----- INFORMATION PROVIDED -----
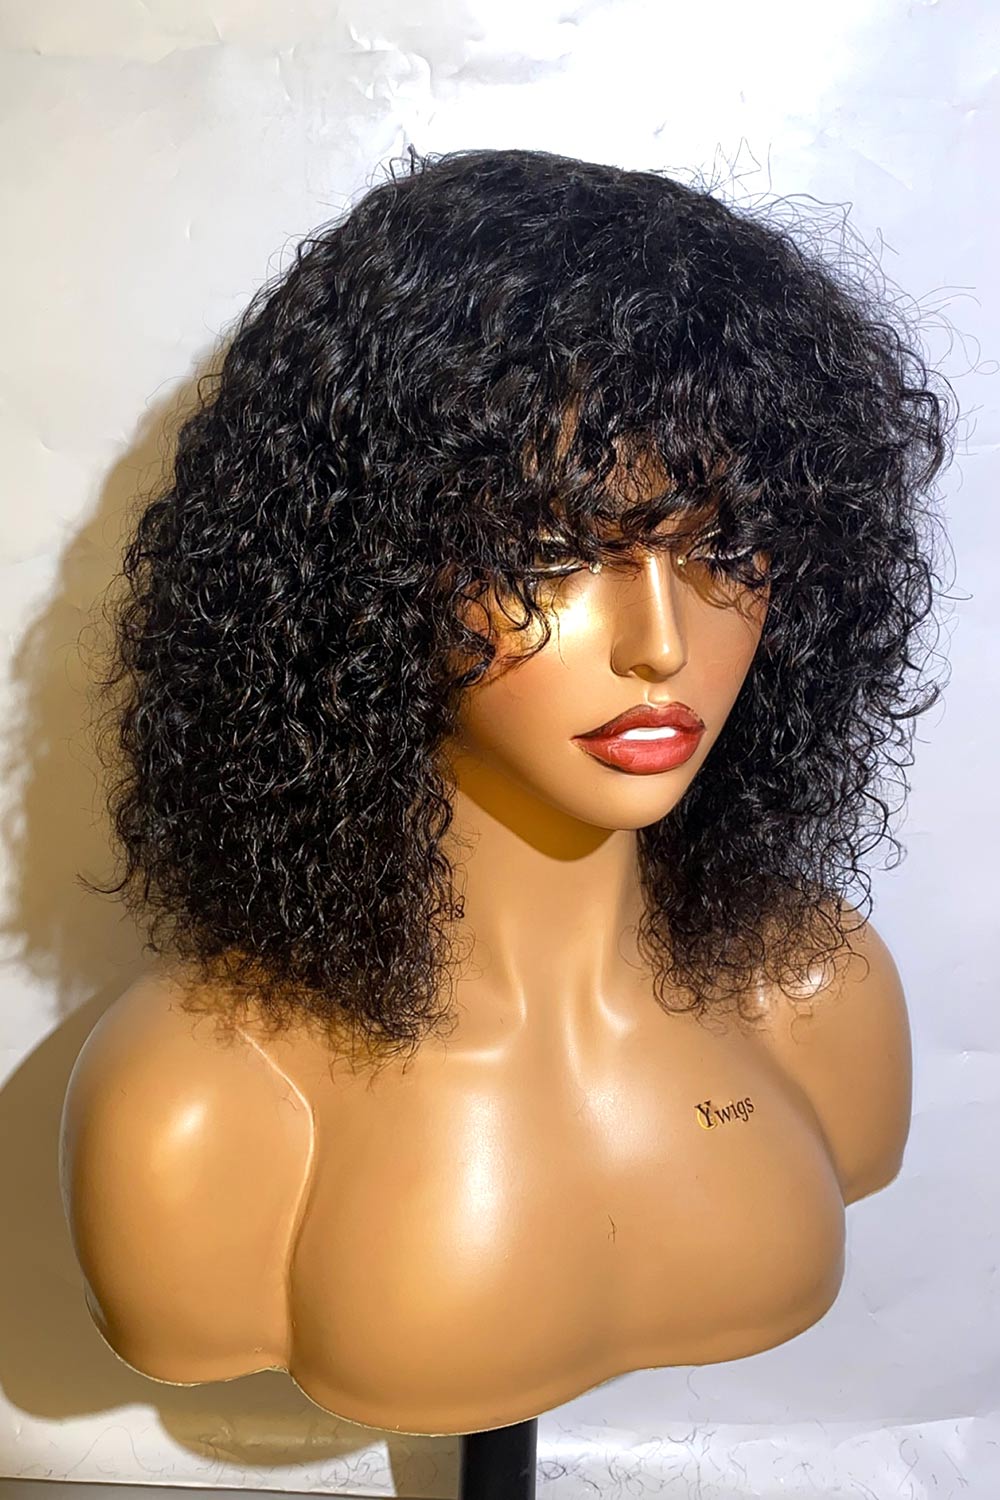 Designer Wigs-Super Easy Curly Wig With Bangs 12‘’
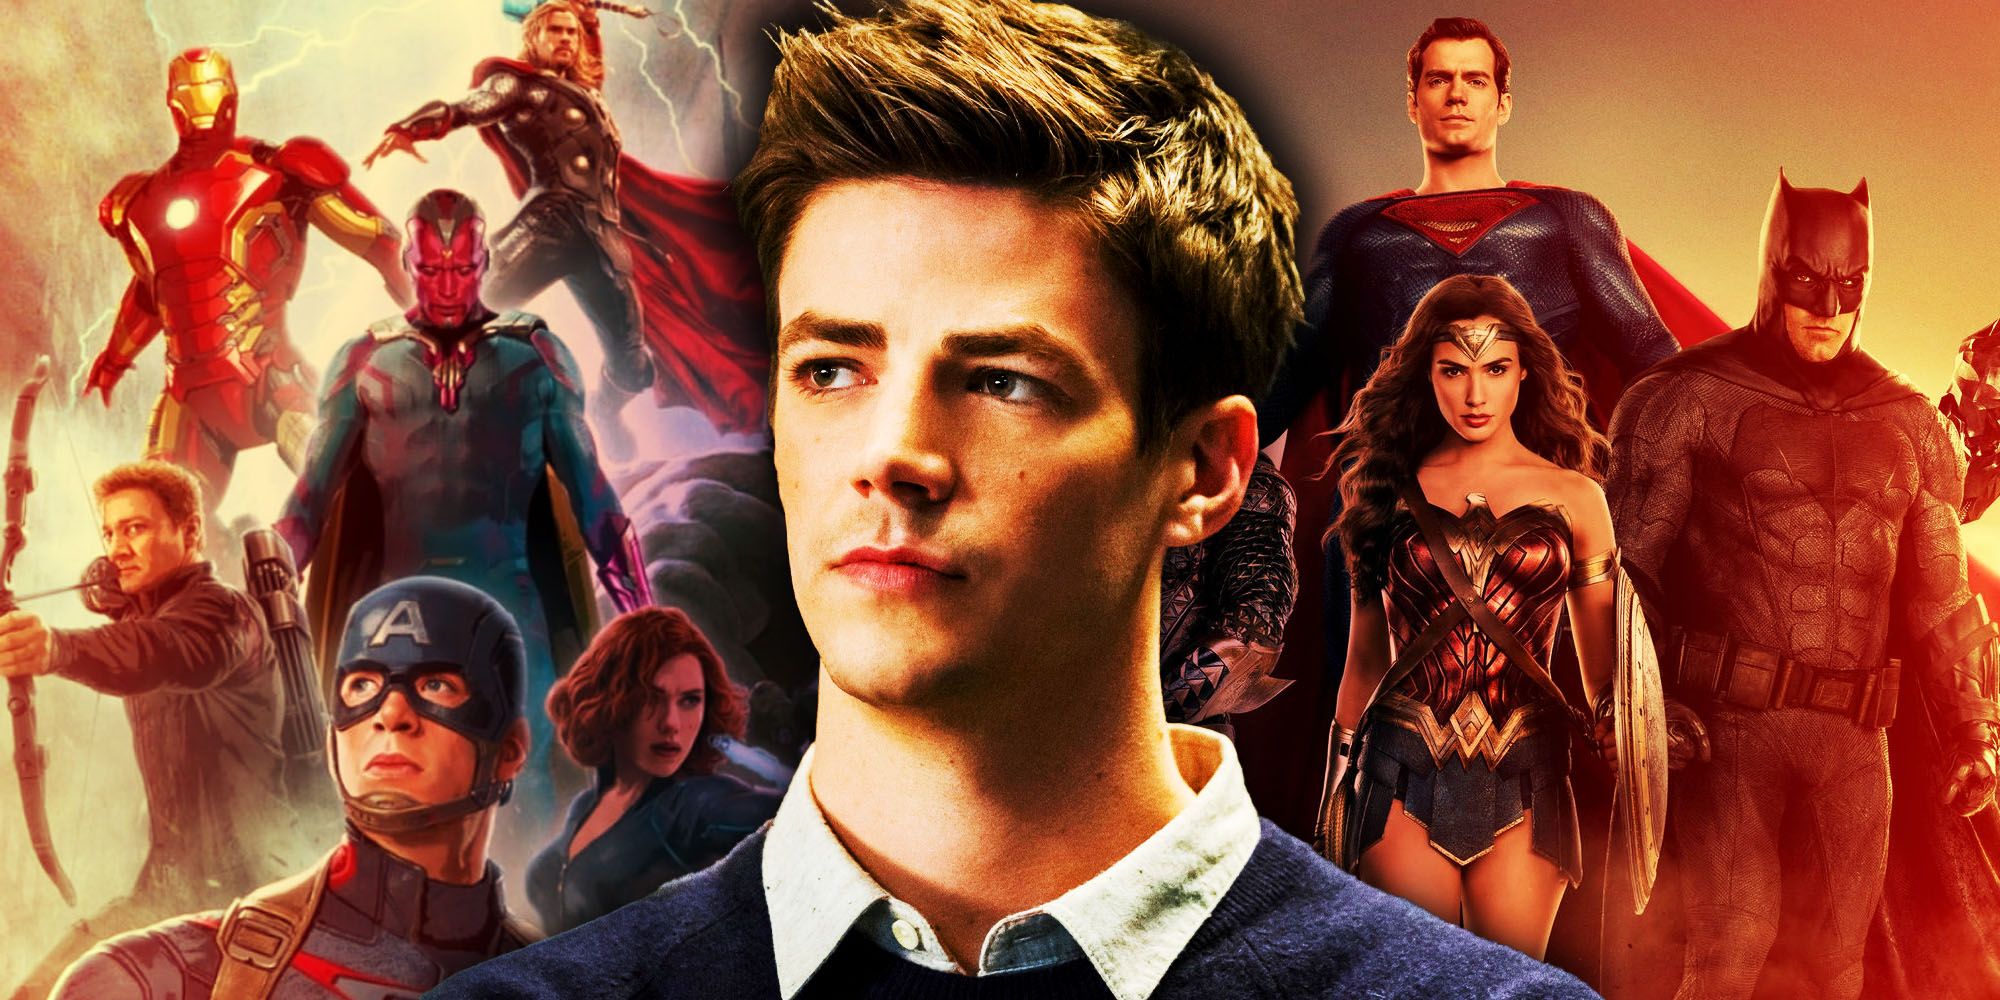 Grant Gustin as Barry Allen the Flash in front of the Justice League and the Avengers
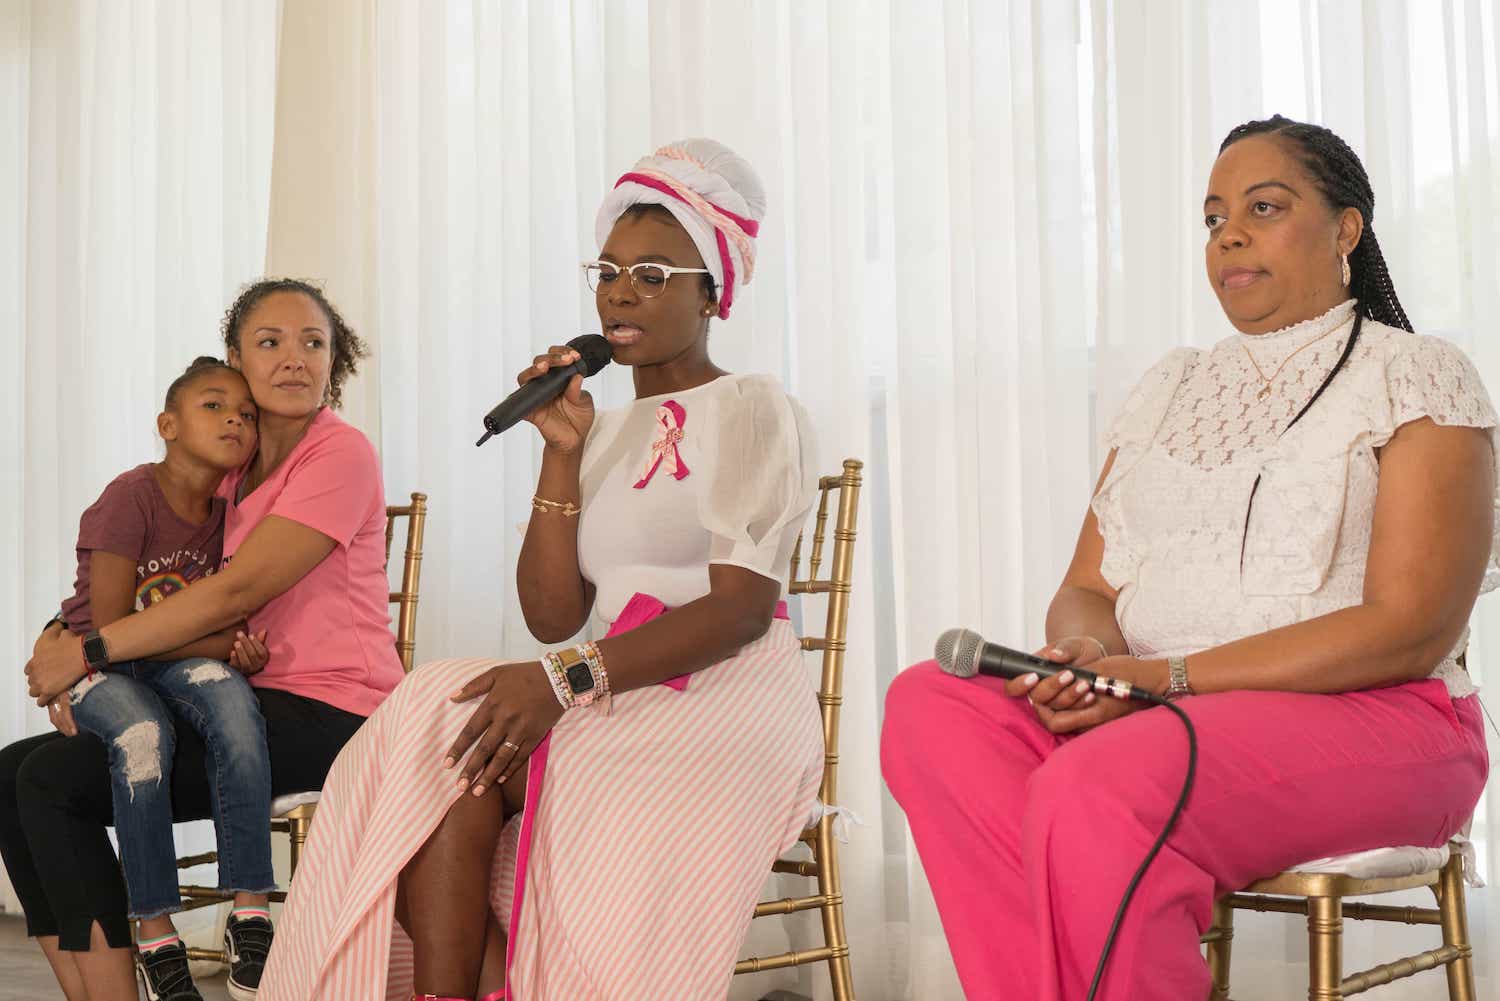 Black Women for Wellness Annual Risqué Breast Health Conference 38
-----
#### WORK REQUEST
Only the pictures stay out; everything else in the listing above must be repeated exactly.

#### YOUR RESPONSE
 Designer Wigs-Super Easy Curly Wig With Bangs 12‘’
 Grant Gustin as Barry Allen the Flash in front of the Justice League and the Avengers
 Black Women for Wellness Annual Risqué Breast Health Conference 38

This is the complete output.